Я, наверное, никогда не привыкну к этим беременным заморочкам.
— Нет, что ты, маленькая. Я же о тебе беспокоюсь, — обнимаю ее и притягиваю к себе, вжимая в себя, вдыхая запах ее мокрых волос.
— Тогда что тебе мешает пойти своим привычным путем для моего успокоения? — говорит где-то в районе моей груди.
— Не уверен, что нам можно.
— Можно.
— В смысле? Ты откуда знаешь?
— Я спрашивала.
— Кого? — все еще не понимаю.
— Кого-кого, Вадима! Не тупи, Абашев, и иди уже ко мне, согревай давай, — снова задирает свою головку и с вызовом смотрит мне в глаза.
— Нет, давай для начала ты расскажешь, почему ты гуляла под дождем, почему ты так безответ…
И все, на меня напали с диким, я бы даже сказал, яростным поцелуем. Мне просто не дали выговориться и получить ответы на свои вопросы.
Я была в состоянии полного раздрая. Я хотела забыться. Потеряться. Исчезнуть. Раствориться. До ужаса хотелось заглушить ту звонкую и кричащую пустоту внутри, что давила на сердце. И я знала, что никто, кроме Тимура, не сможет мне в этом помочь. Наши тела всегда понимали друг друга лучше, чем холодный разум. Умели подстраиваться и тонко чувствовать желания друг друга.
Не знаю, шутка ли судьбы, но после самой первой ночи с Абашевым мне не хотелось других. Только его. Стальные объятия и грубые на грани ласки. Его смелые поцелуи и ощущения его прикосновений. Всего его. Везде. Тима и только Тима.
Сегодня тоже я хотела накрывающей с головой страсти. Уверенных и дерзких движений. Резких. Вышибающих дух и лишние мысли, но… в этот раз было все по-другому.
Словно все изменилось.
Словно мы оба изменились.
Эта ночь не была похожа ни на одну из предыдущих. И если меня все еще накрывало и я хотела секса, то для Тима это явно было что-то другое. Совершенно. Возможно, что-то большее. А для меня? Не знаю! Даже думать страшно… но он сбавлял мой напор. Растягивал свои поцелуи до умопомрачения. До нетерпения. До полного исчезновения воздуха в легких.
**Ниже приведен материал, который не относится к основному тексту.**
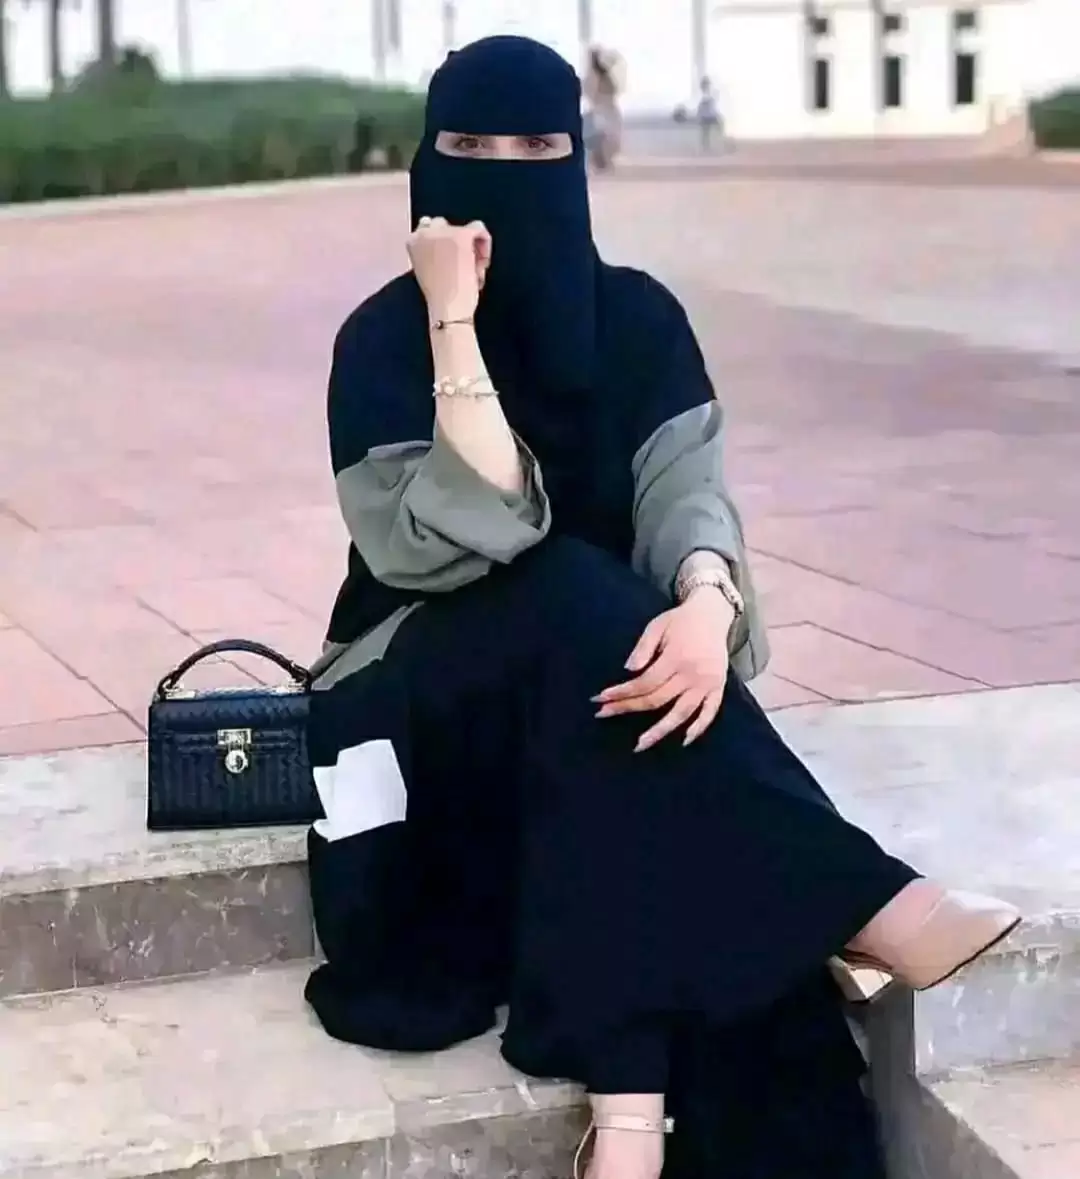 سعودية خلعت زوجها وتزوجت زميلها فوقع لها أمر كارثي جعلها تندم !

— Тим, что ты… — попыталась я протестовать, когда он отпустил истерзанные его прикосновениями губы, прокладывал дорожку из медленных поцелуев к шее.
Не получилось.
Протест утонул в судорожном вздохе, когда его губы медленно оказывались все ниже. Его руки, на которые буквально днем я так самозабвенно пялилась, сжимали все сильнее. Собственнически. Но при этом так… трепетно вжимали в тело парня. Его дыхание опаляло кожу, пробираясь к ключице и ниже… еще ниже… оно заставляло жадно хватать ртом воздух и болезненно скручиваться желанию внутри меня.
Тим сжал ладонями мои ягодицы, заставив закинуть ногу ему на бедро и медленно тлеть от максимальной близости наших тел.
Он сдерживал себя.
Он хотел. Не меньше меня хотел. Я знала, я чувствовала. Но при этом не терял разума, а брал эту ночь под свой полный и безоговорочный контроль.
Тим уложил меня на кровать, как хрупкую пушинку, и как бы я не просила его дать мне большего, как бы не цеплялась за него, заставляя ускориться, Тим не торопился. Навис сверху непоколебимой разгоряченной скалой и снова целовал.
Его губы добрались до груди, а язык до возбужденного соска. Одно его горячее прикосновение языком, и моя спина выгнулась от резко прострелившего наслаждения, зародившегося где-то на самом краю сознания.